How feasible is it for countries to meet the economic convergence criteria
The three primary criteria being used are: a budget deficit of not more than three per cent; average annual inflation of less than 10 per cent with a long term goal of not more than five per cent by 2019; and gross reserves that can finance at least three months of imports.
The three secondary convergence criteria are public debt/Gross Domestic Product of not more than 70 per cent; Central Bank financing of budget deficit should not be more than 10 per cent of previous year’s tax revenue; and nominal exchange rate variation of plus or minus 10 per cent.
Since 2000, no country has met all the criteria at the same time, only Togo and Guinea did in 2019 but both have small economies and Nigeria has the largest economy in the subregion. Nigeria also has the highest GDP, if you combine all the other countries’ GDP; they’re not up to that of Nigeria.
For us to have a common currency, Nigeria must be carried along, as having the biggest economy in the sub-region.

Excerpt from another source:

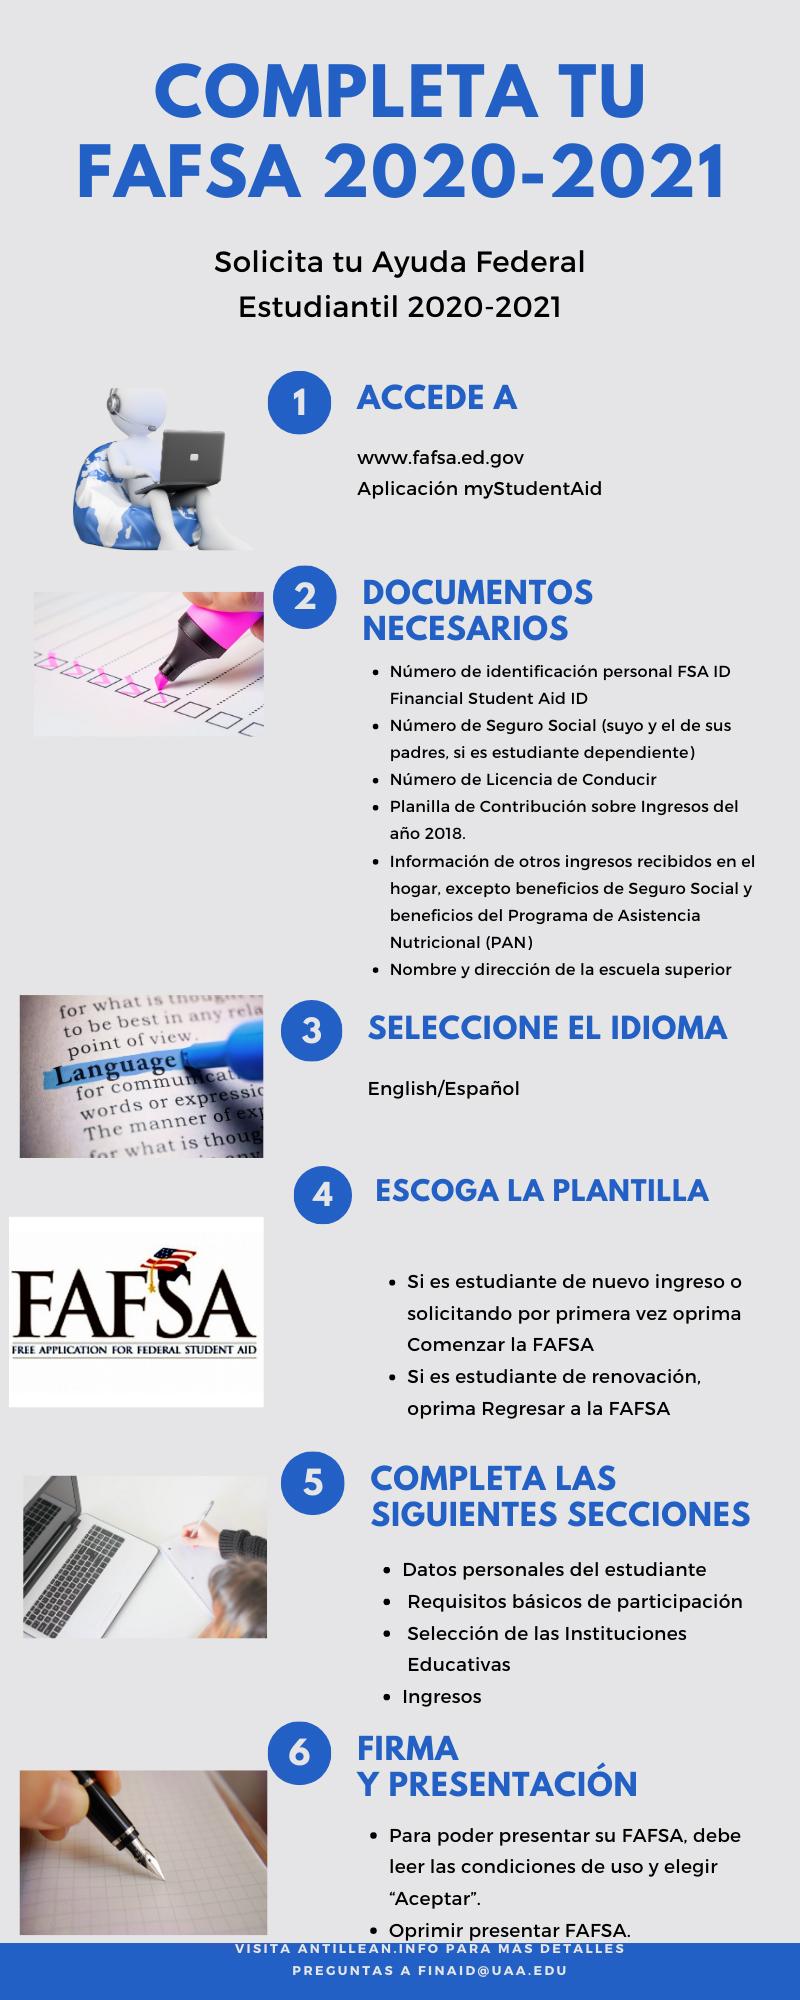 Completa tu FAFSA 2020-2021

Reduction of economic convergence criteria and 3.4% growth rate projection
The reduction of the criteria from 11 to 6 was in order, where the primary criteria are being retained. He however said the secondary criteria were too complex and demanding and too unrealistic.
On whether or not the 3.4 per cent growth rate projected for the ECOWAS region in 2019 against three per cent experienced in 2018 would be achieved, I am optimistic that it was feasible, but only if efforts are made by ECOWAS countries to diversify their economies making them more productive. Efforts must be made to industrialise.

Adopting the Naira
If not for national pride, if you’re using the market forces where the naira is accepted even in the black market and in at least 5 ECOWAS countries (Guinea, Ghana, Gambia, Sierra Leone, even up to Mauritania), the naira should have just been adopted.
No country wants to drop its own currency for another, so they prefer to use a neutral currency.

Delay in adoption
The fact that the Anglophone West African countries have different currencies is a problem. The countries have been shifting the goal post as to when to begin adoption of the ECO, but the Heads of States and Governments have said it should be this year 2020, that’s why all these meetings are going on.
Nigeria and the other Anglophone West African countries have asked the Francophone speaking countries to provide a roadmap of when they will delist with France, because having one currency will mean putting the currency under their reserve.
We have one monetary, fiscal policy and one Central Bank but it is not like that with the Euro because right now all their reserves are in France.
When you have a monetary union you have all the reserves in the West African Central Bank. It was however agreed that all the ECOWAS countries will begin to use the ECO at the same time once they meet the economic convergence criteria.

Implication for Nigeria
In the short term Nigeria will carry the burden if the convergence is not well done, since we’re the largest economy in the sub-region.
Our reserve is the largest and it means it will be put in the pull for others to share. The budget will be determined by the Monetary Union, and once the Francophone countries delist from France their macro- economic decisions will become different and that will pose another problem because they too will not meet the convergence criteria.
There has to be the political will; in the long run it will be positive for Nigeria because we’ll now have a market to export our goods and the union will now be a big market to compete with Europe and America.

Way forward
Heads of States and governments should meet and resolve the problem with regard to economic convergence criteria which is the major problem.
You cannot have a monetary union based on politics.